Task goal:
Give the listing again exactly, skipping any pictures it holds.

Exercise data:
######
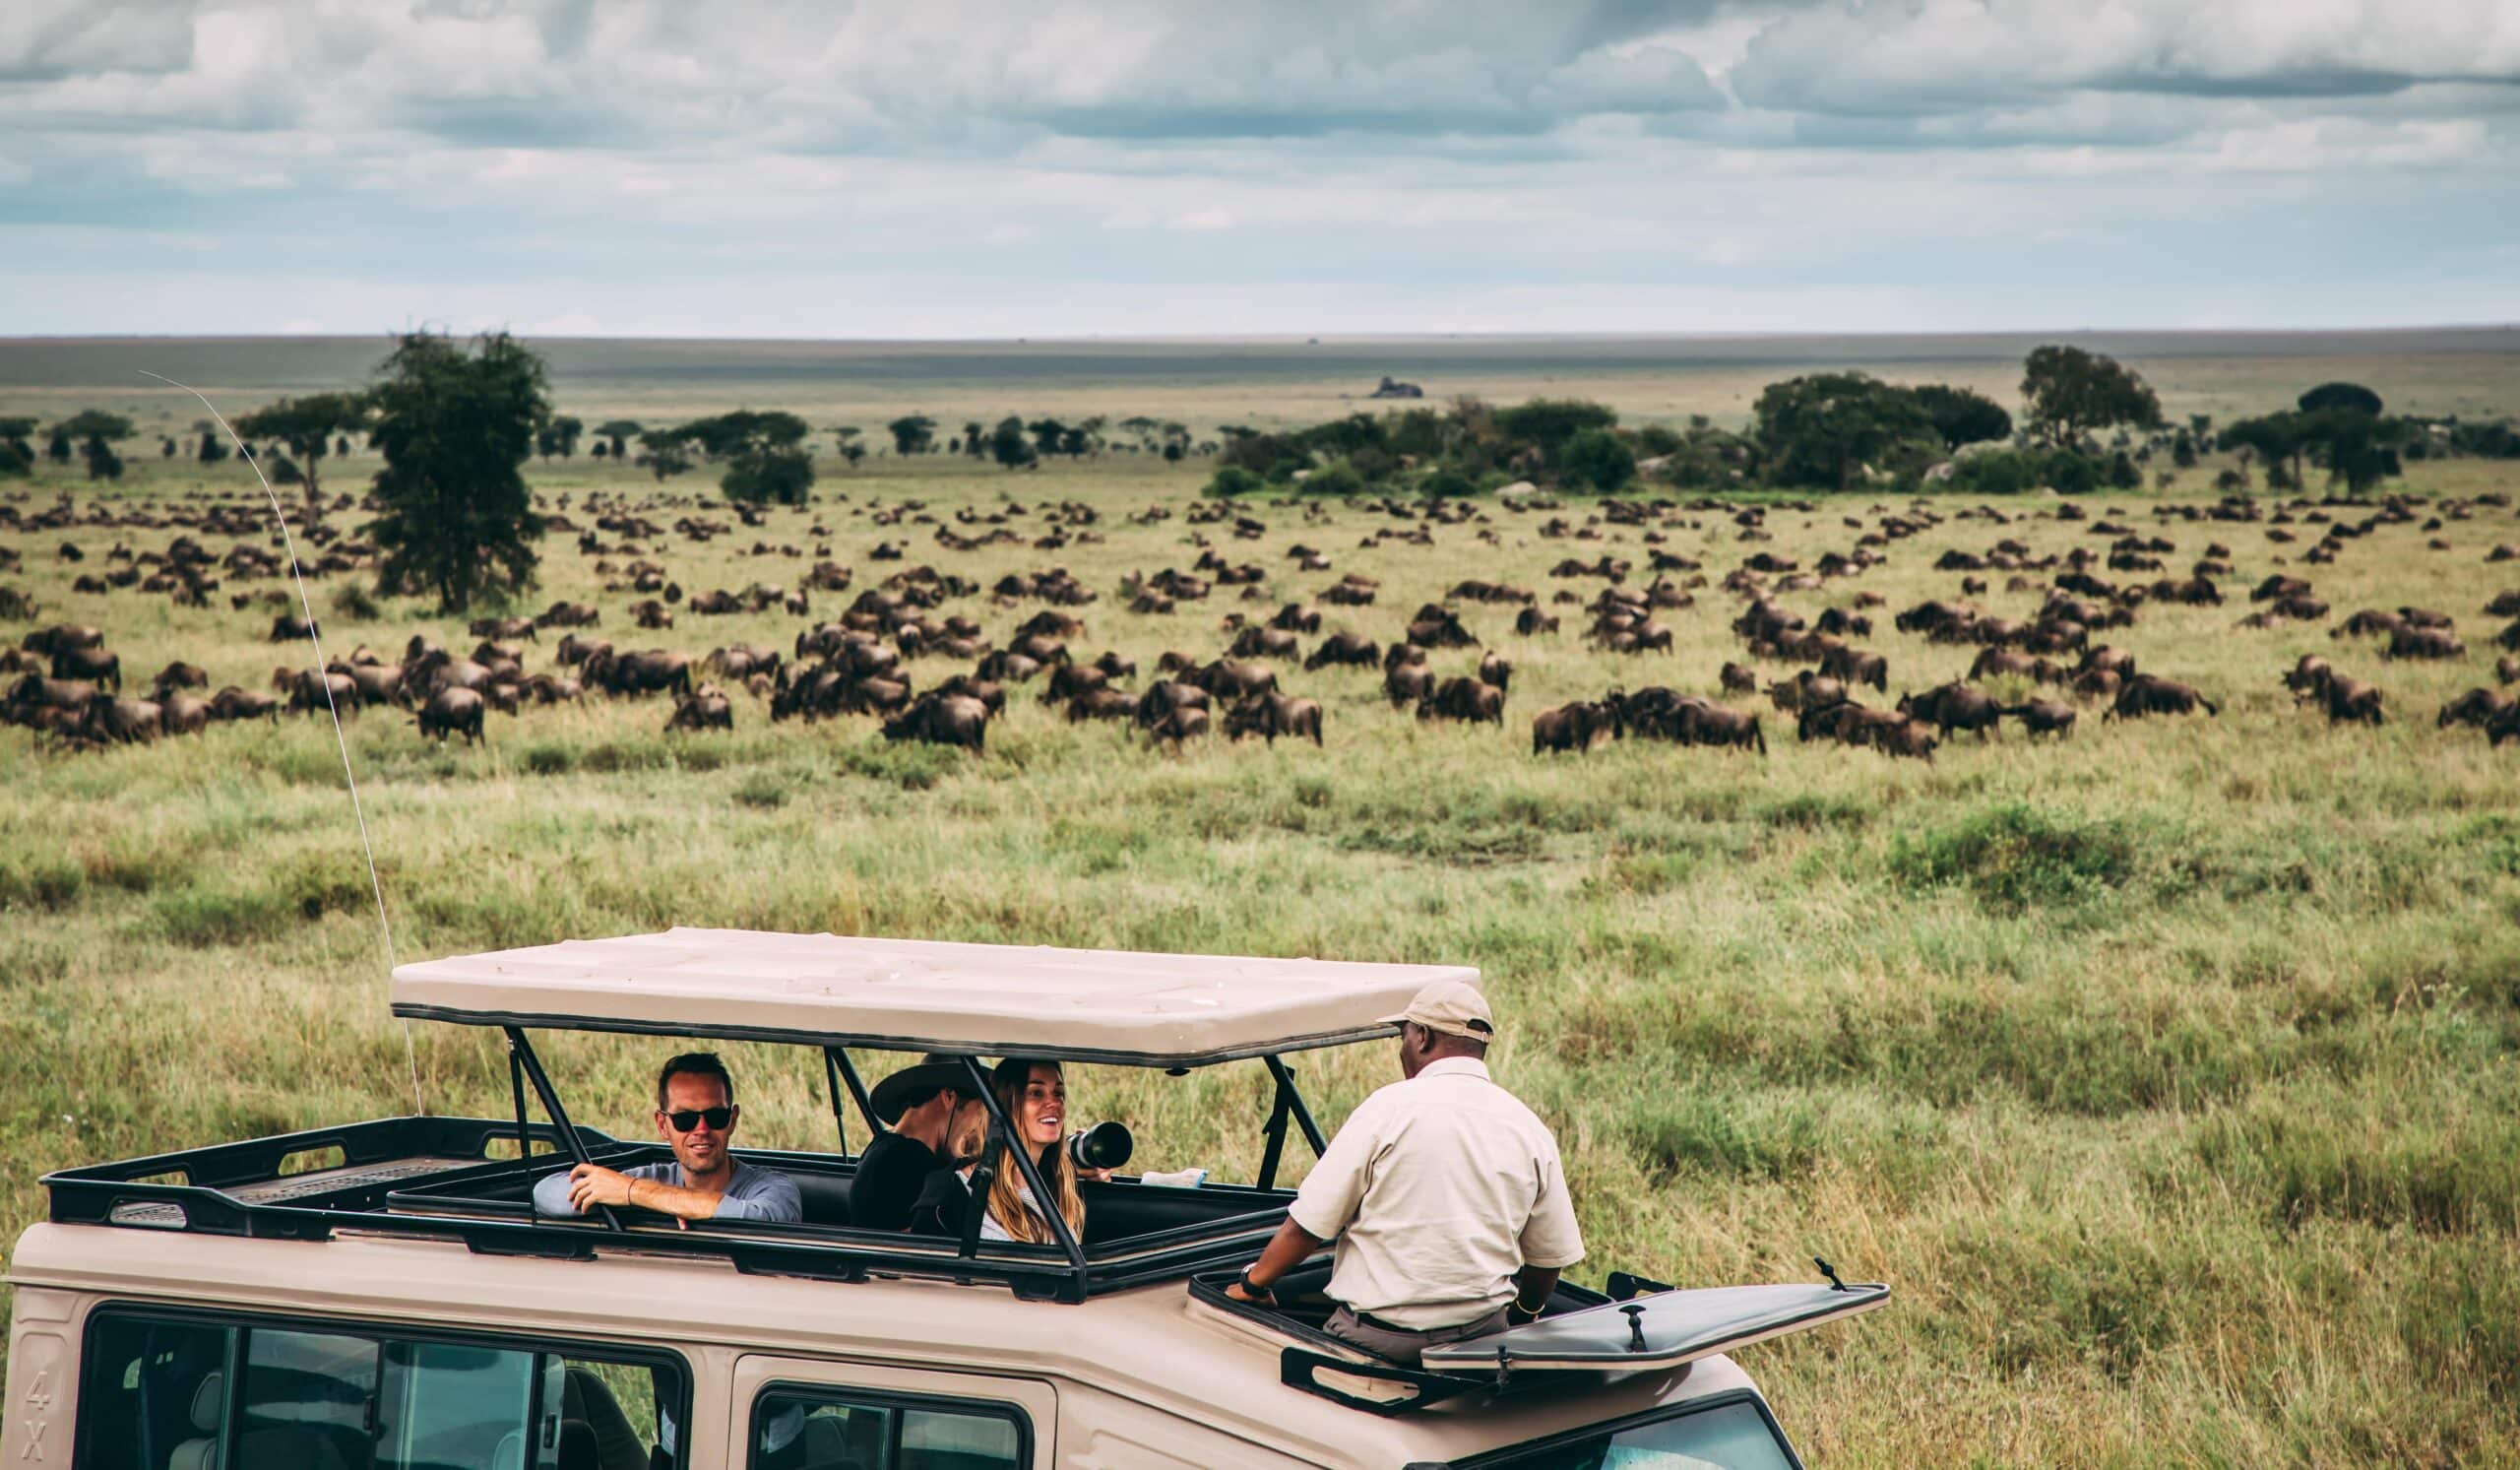 Tanzanie - meilleur moment pour voyager en tanzanie à l'échelle minimale - safari en tanzanie
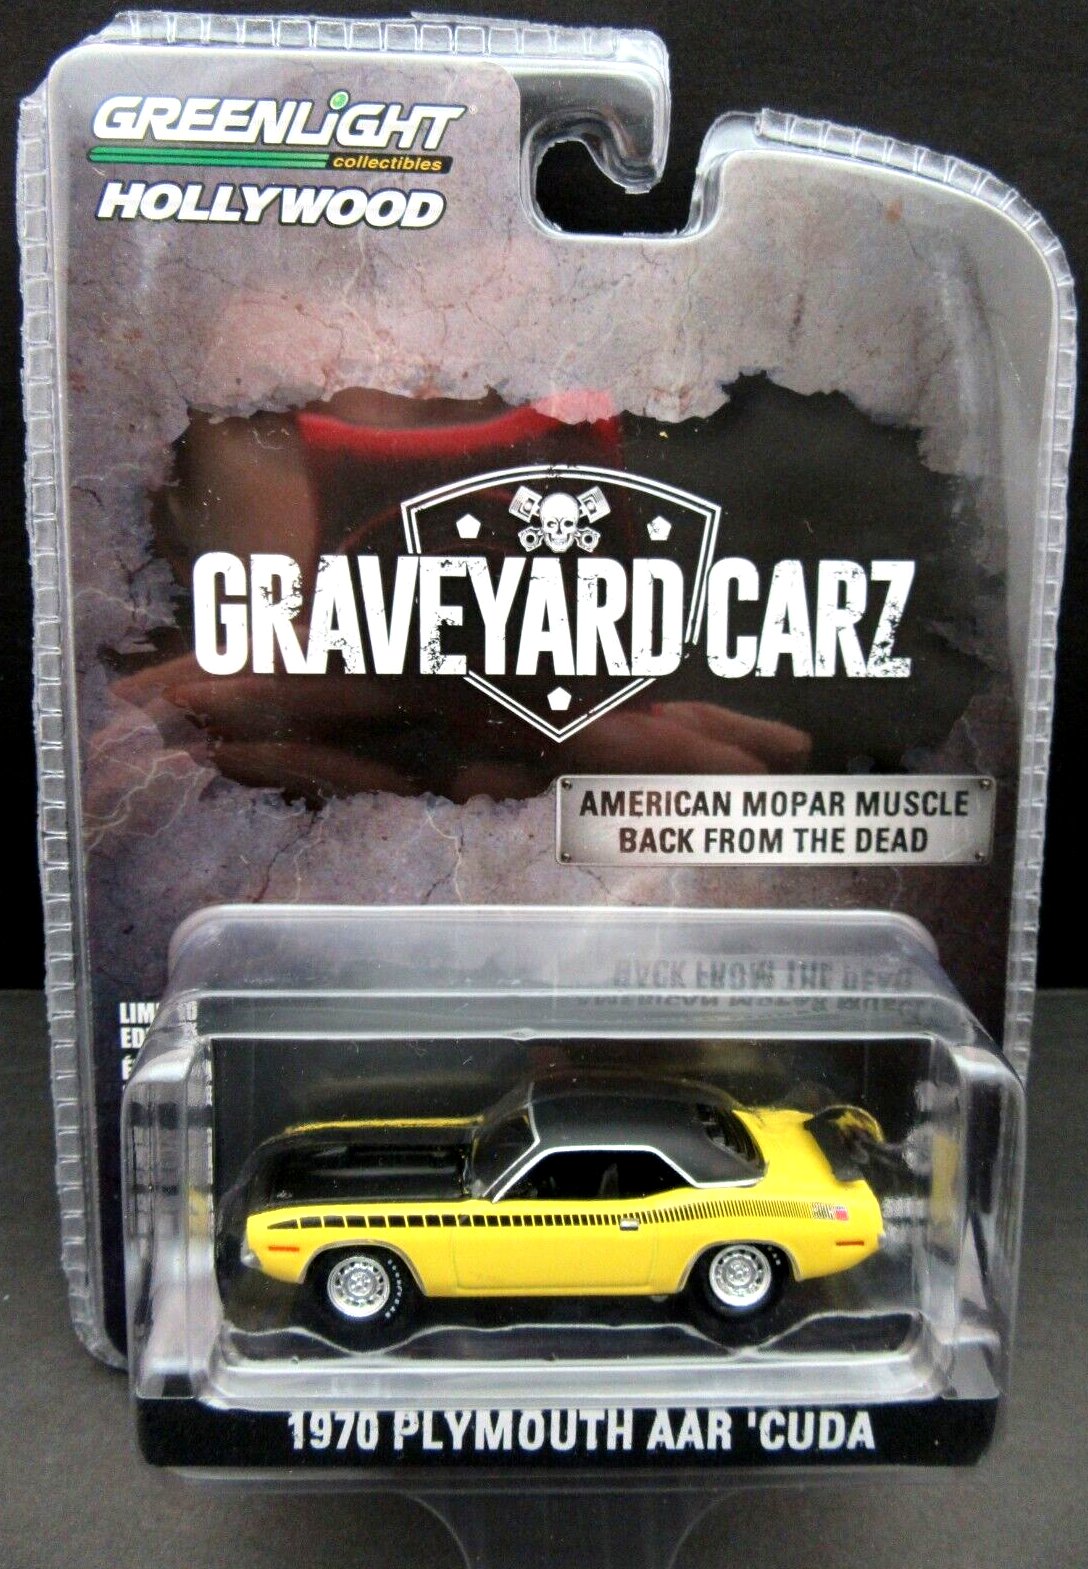 Greenlight Collectable Hollywood Graveyard Carz 1970 Plymouth AAR 'Cuda Die Cast
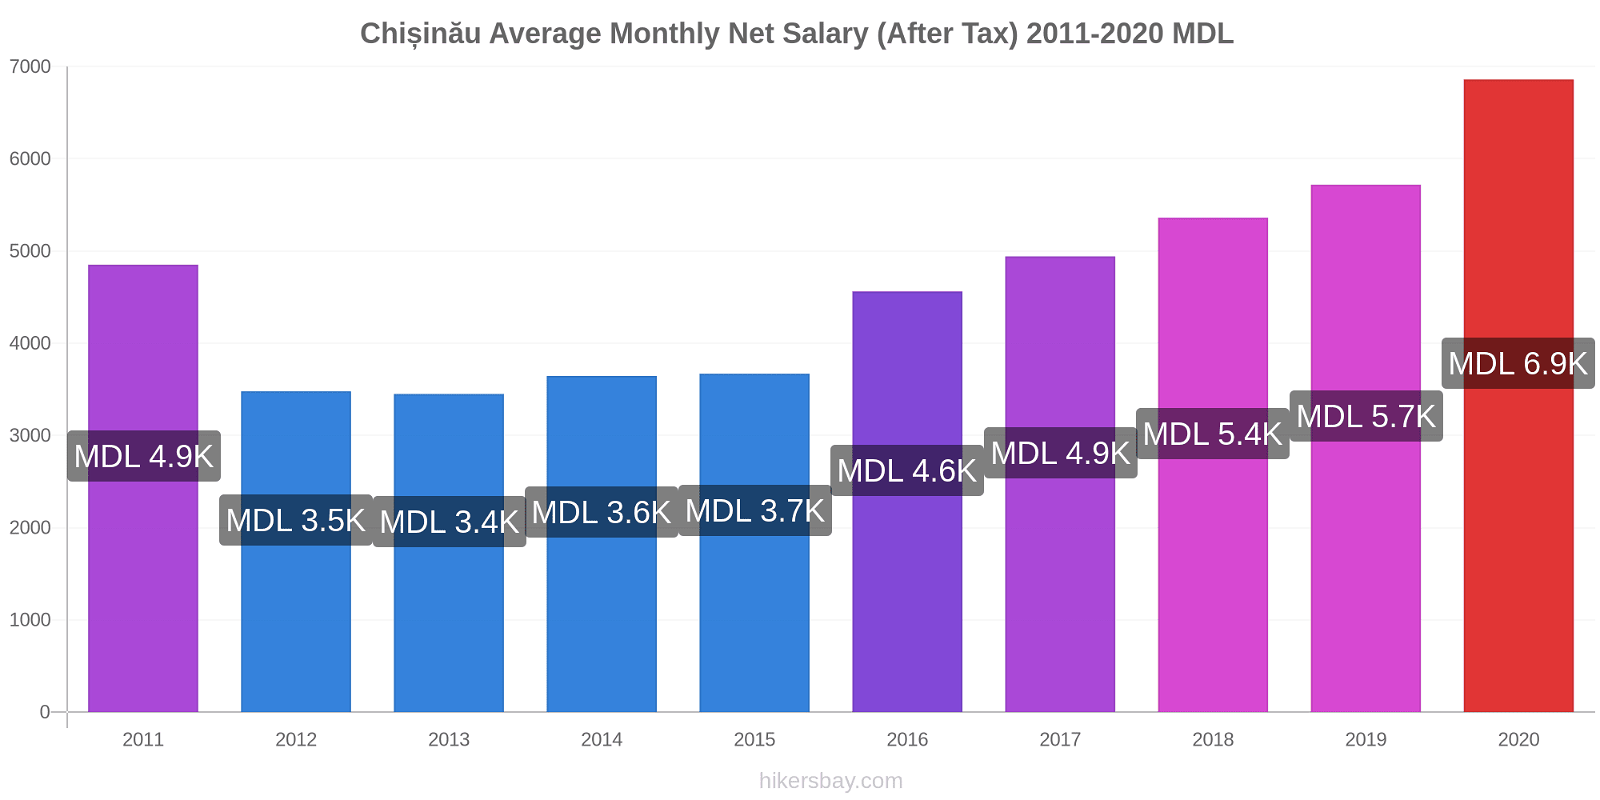 Chișinău price changes Average Monthly Net Salary (After Tax) hikersbay.com
######
Expected output:
 Tanzanie - meilleur moment pour voyager en tanzanie à l'échelle minimale - safari en tanzanie
 Greenlight Collectable Hollywood Graveyard Carz 1970 Plymouth AAR 'Cuda Die Cast
 Chișinău price changes Average Monthly Net Salary (After Tax) hikersbay.com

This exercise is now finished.